On Fri, Mar 27, 2020 at 10:24:52PM +0100, Laslo Hunhold wrote:
> ... This will cover 99.5% of all cases...
What do you mean? They managed to add in grapheme cluster definition some weird
edge cases up to 0.5%??
About string comparison: if I recall well, after utf-8 normalization (n11n), strings
are supposed to be 100% perfect for comparison byte per byte.
The more you know: utf-8 n11n got its way in linux filesystems support, and
that quite recently. This will become a problem for terminal based
applications. In near future gnu/linux distros, the filenames will become
normalized using the "right way"(TM) n11n.

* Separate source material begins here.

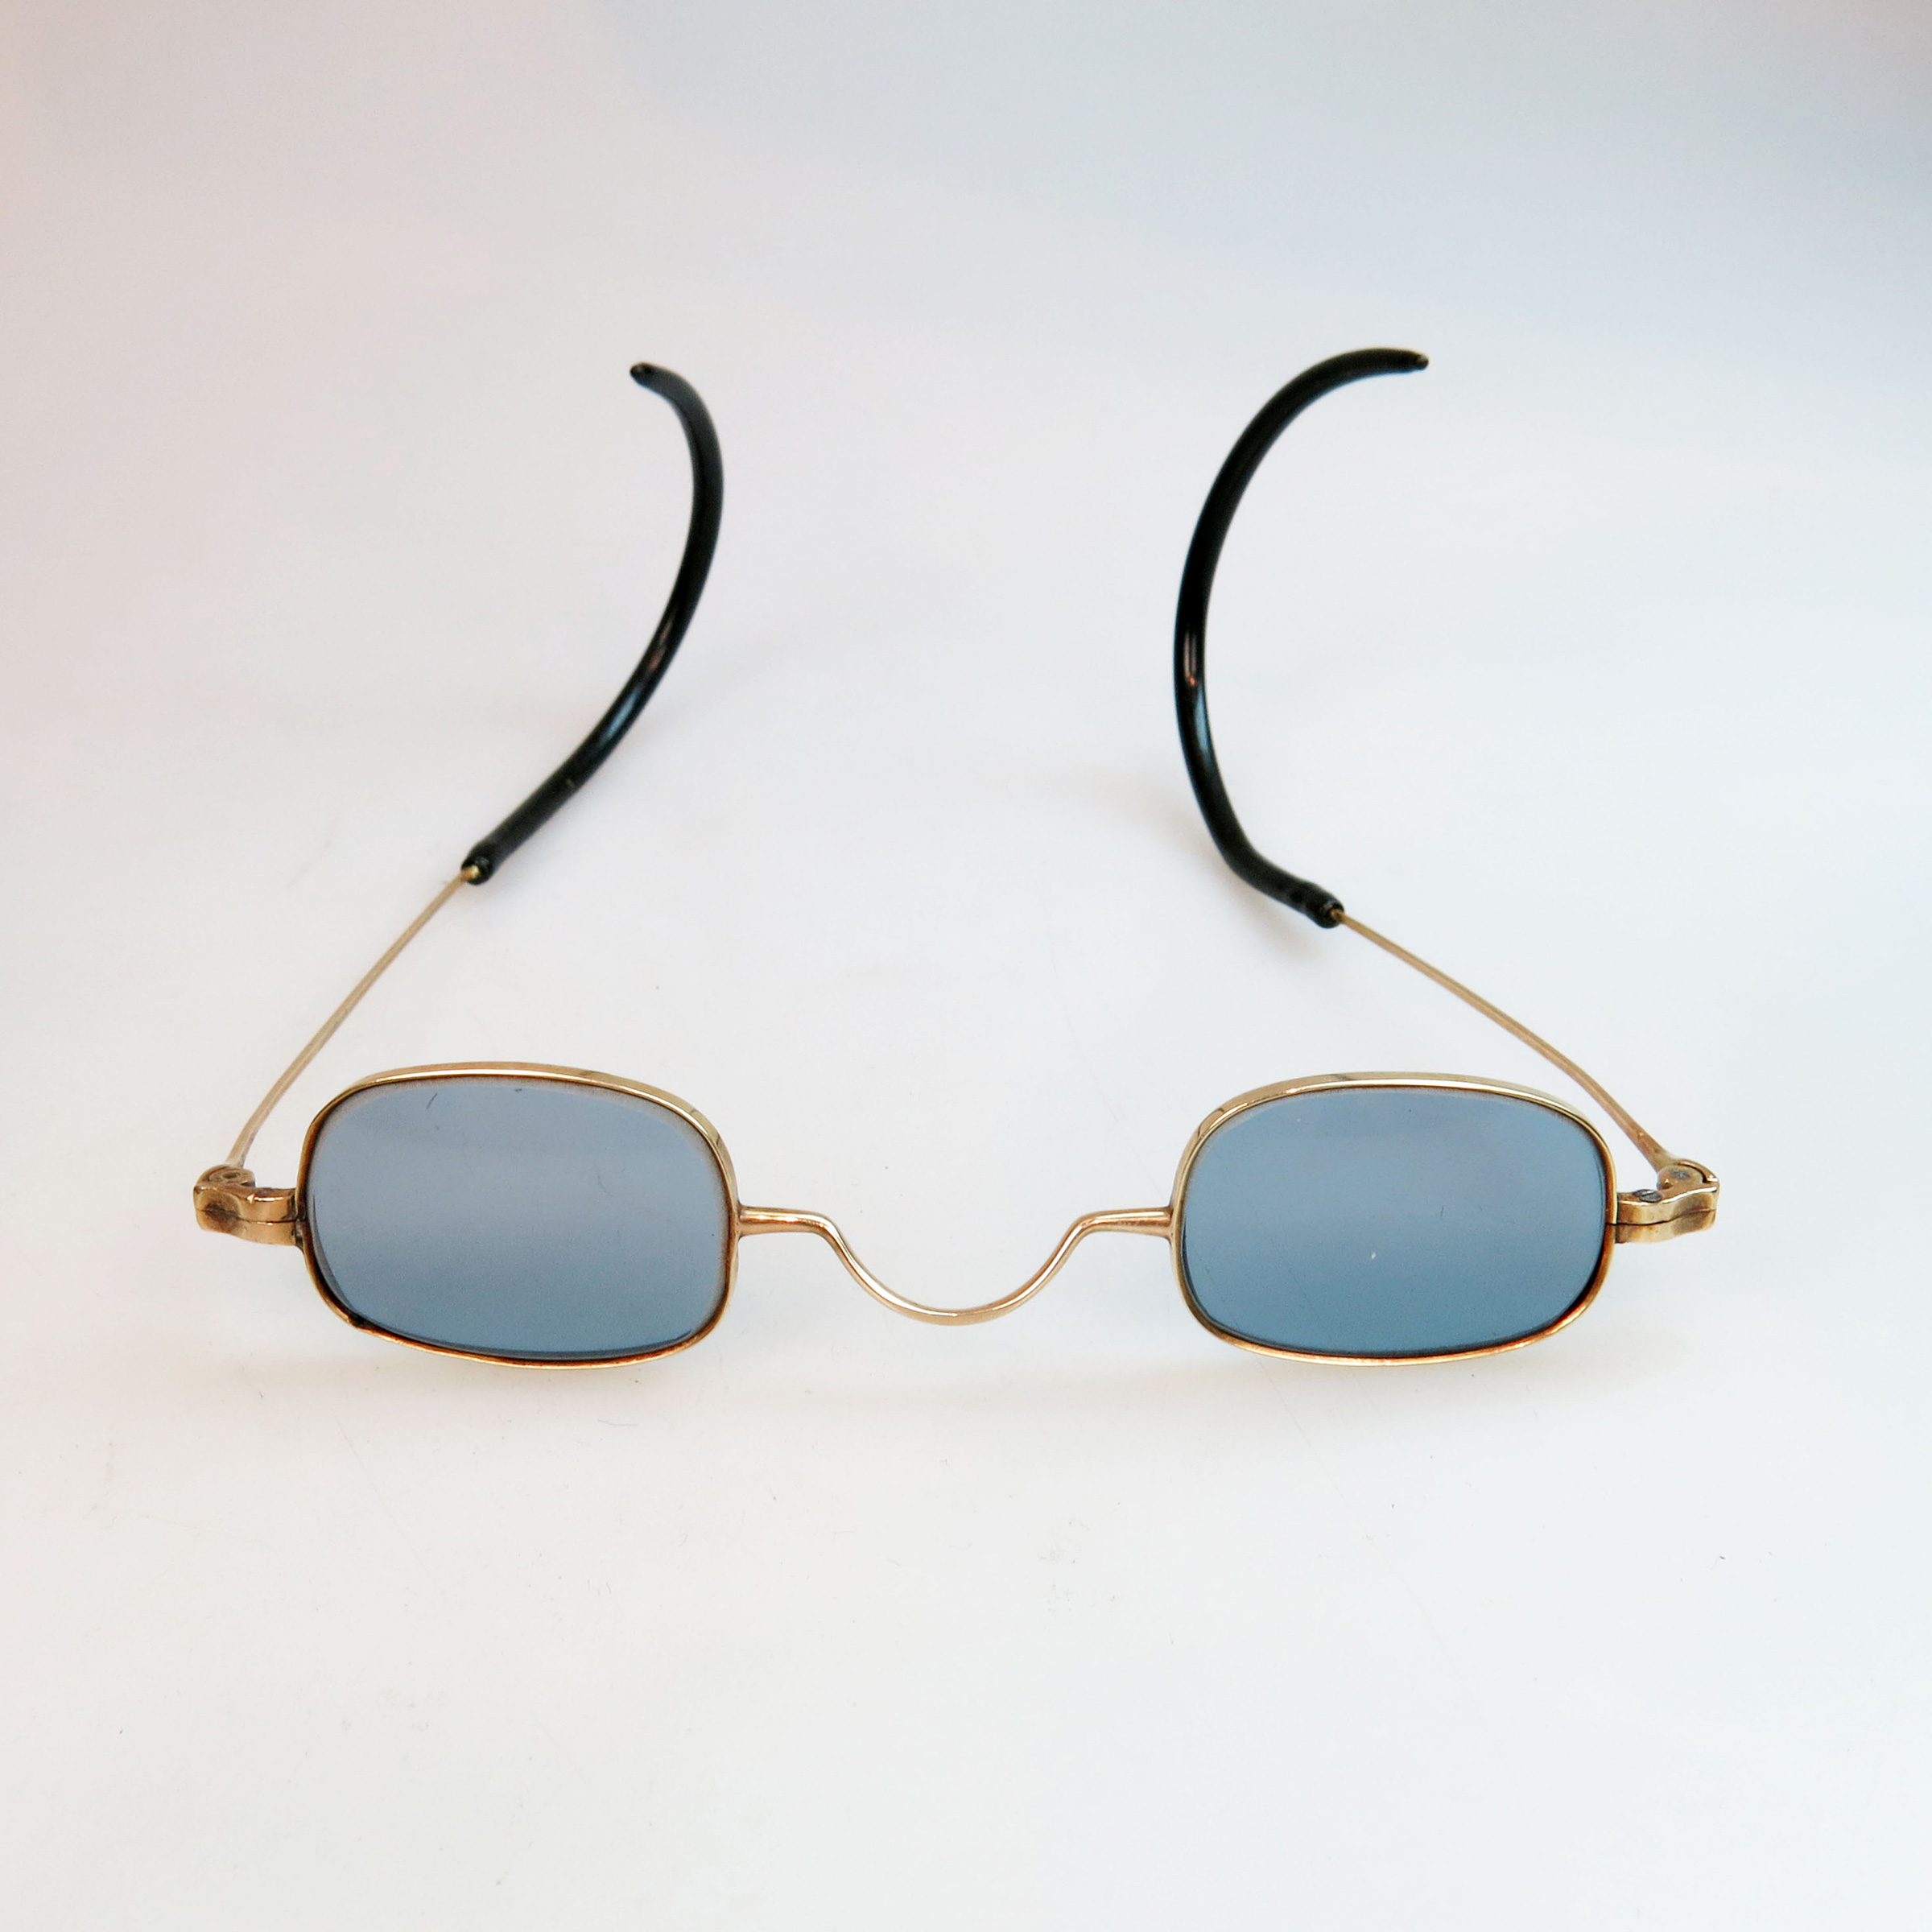 Pair Of 19th Century 14k Gold Framed Spectacles

This "right way"(TM) n11n (there are 2 n11ns) produces only non-pre-composed
grapheme cluster of codepoints (but in the CJK realm, there are exceptions if I
recall properly). AFAIK, all terminal based applications do expect
"pre-composed" grapheme codepoint.
For instance the french letter 'è' won't be 1 codepoint anymore, but 'e' + '`'
(I don't recall the n11n order), namely a sequence of 2 codepoints.
I am a bit scared because software like ncurses, lynx, links, vim, may use the
abominations of software we discussed earlier to handle all this.
--
Sylvain
Received on Fri Mar 27 2020 - 23:24:22 CET